Using Stat > Regression > Binary Logistic Regression, I entered the details of the response I wanted to predict, Bought, and the value in the Response Event which indicated a purchase.  I then entered the Continuous predictor, Income and the Categorical predictors Children and ViewAd. My completed dialog box looks like this:

After pressing OK, Minitab performs the analysis and displays the results in the Session window. From this table at the top of the output I can see that the researchers surveyed a sample of 71 customers, of which 22 purchased the cereal.

With Logistic regression, the output features a Deviance Table instead of an Analysis of Variance Table. The calculations and test statistics used with this type of data are different, but we still use the P-value on the far right to determine which factors have an effect on our response.
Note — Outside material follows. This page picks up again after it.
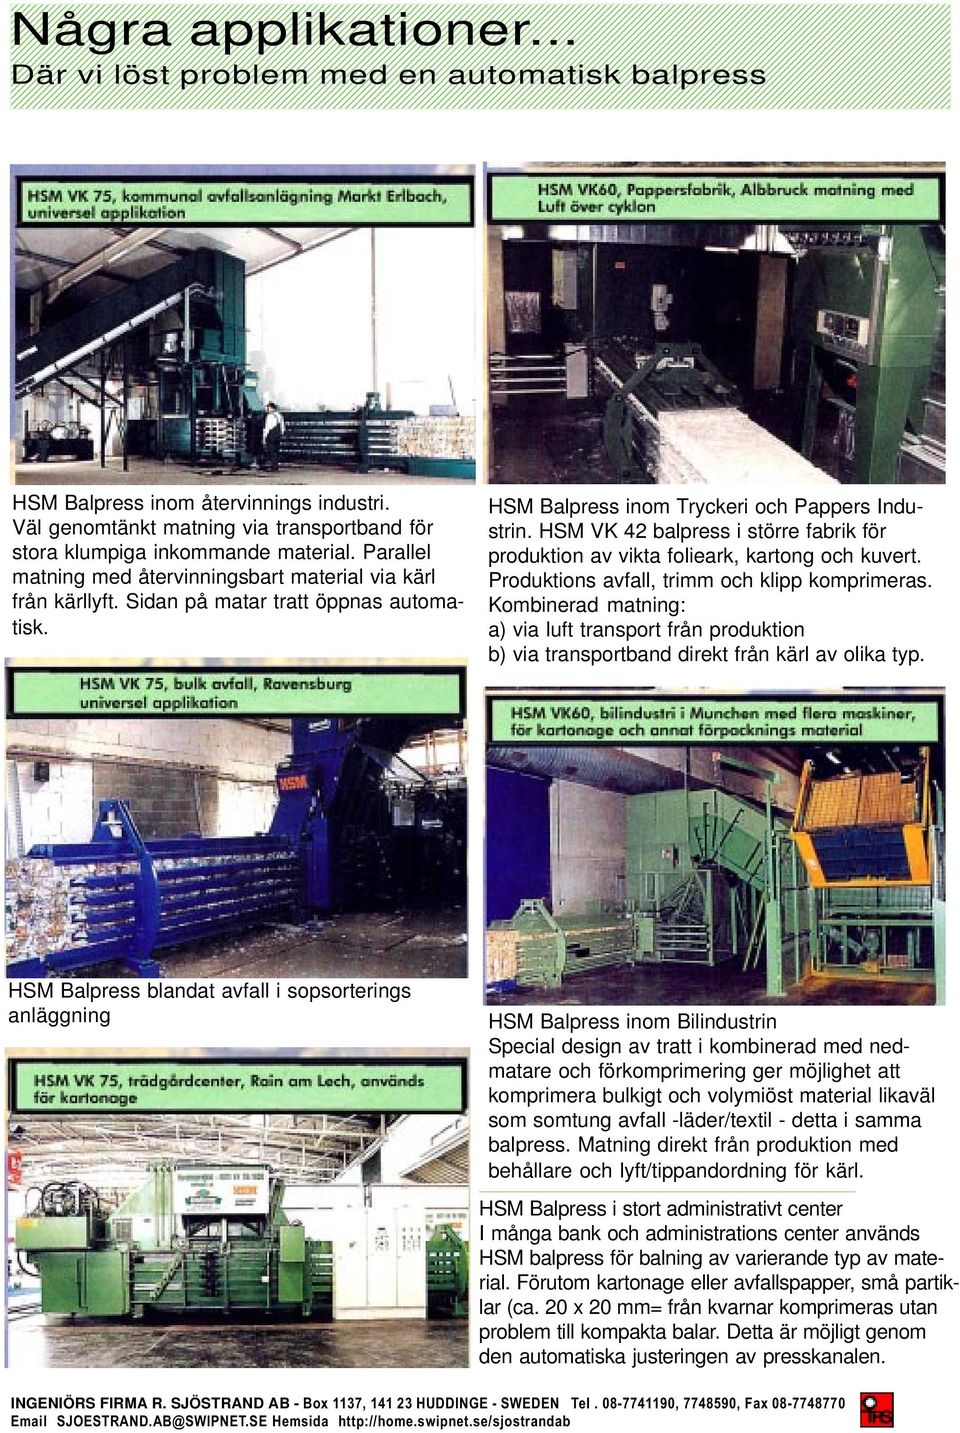 HSM VK 42 balpress i större fabrik för produktion av vikta folieark, kartong och kuvert. Produktions avfall, trimm och klipp komprimeras.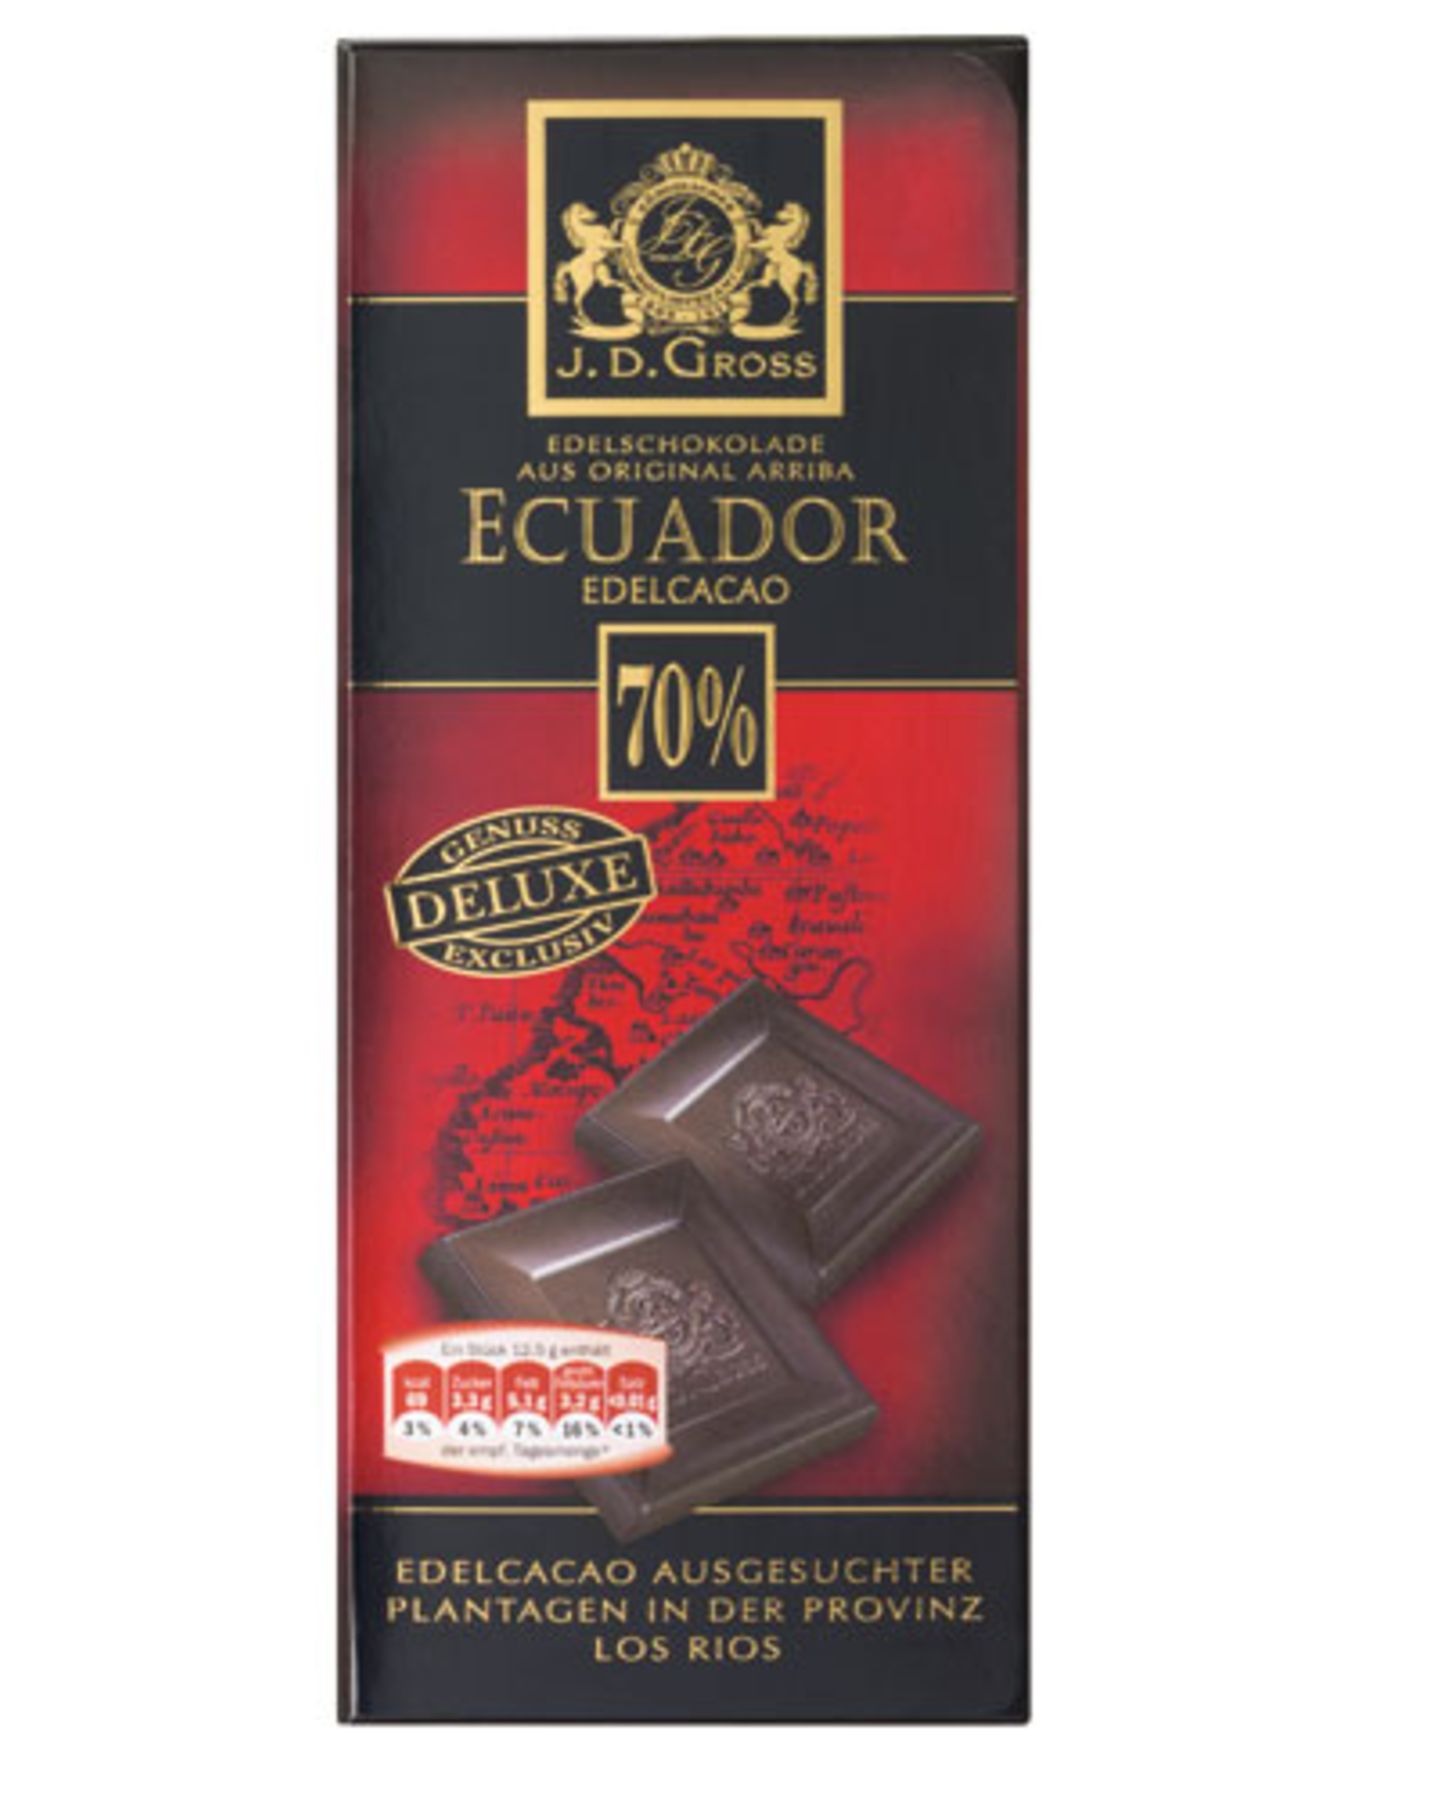 Platz 3: J.D. Gross (über Lidl), Ecuador Edelcacao (70 Prozent) Preis pro 100 Gramm: 0,76 Euro Bewertung: süß, eher weich-schmelzend bis klebrig, mit Vanillenote

As we would when using other regression methods, we are going to reduce the model by eliminating non-significant terms one at a time. In this case, as highlighted above, Income is not significant. We can simply press Ctrl-E to recall the last dialog box, remove the Income term from the model, and rerun the analysis. Minitab returns the following results:

After removing Income, we can see that both Children and ViewAd are significant at the 0.05 significance level. This could be good news for the Marketing Department, as it clearly indicates that viewing the ad did influence the decision to buy. However from this table it is not possible to see if this effect is positive or negative.

To understand this, we need to look at another part of the output. In Binary Logistic Regression, we are trying to estimate the probability of an event. To do this we use the Odds Ratio, which compares the odds of two events by dividing the odds of success under condition A by the odds of success under condition B.

In this example, the Odds Ratio for Children is telling us that respondents who reported they do have children are 5.1628 times more likely to purchase the cereal than those who did not report having children. The good news for the Marketing Department is that customers who viewed the ad were 3.0219 times more likely to purchase the cereal. If the Odds Ratio was less than 1, we would conclude that seeing the advert reduces sales!

The other way to look at these results is to calculate the probability of purchase and analyse this.

It is easy to calculate the probability of a sale by clicking on the Storage button in the Binary Logistic Regression dialog box and checking the box labeled Fits (event probabilities). This will store the probability of purchase in the worksheet.

Using the fits data, we can produce a table summarizing the Probability of Purchase for all the combinations of Children and ViewAd, as follows:

In the rows we have the Children indicator, and in the columns we have the ViewAd indicator.  In each cell the top number is the probability of cereal purchase, and the bottom number is the count of customers observed in each of the groups.

Based on this table, customers with children who have seen the ad have a 51% chance of purchase, whereas customers without children who have not seen the ad have a 6% chance of purchase.

Now let's bring this back to our airline example. Using the information about their customers' demographics and flight preferences, an airline can use binary logistic regression to estimate the probabilities of a “no-show” for a whole plane and then determine by how much they should overbook seats. Of course, no model is perfect, and as we saw with United, getting it wrong can have severe consequences.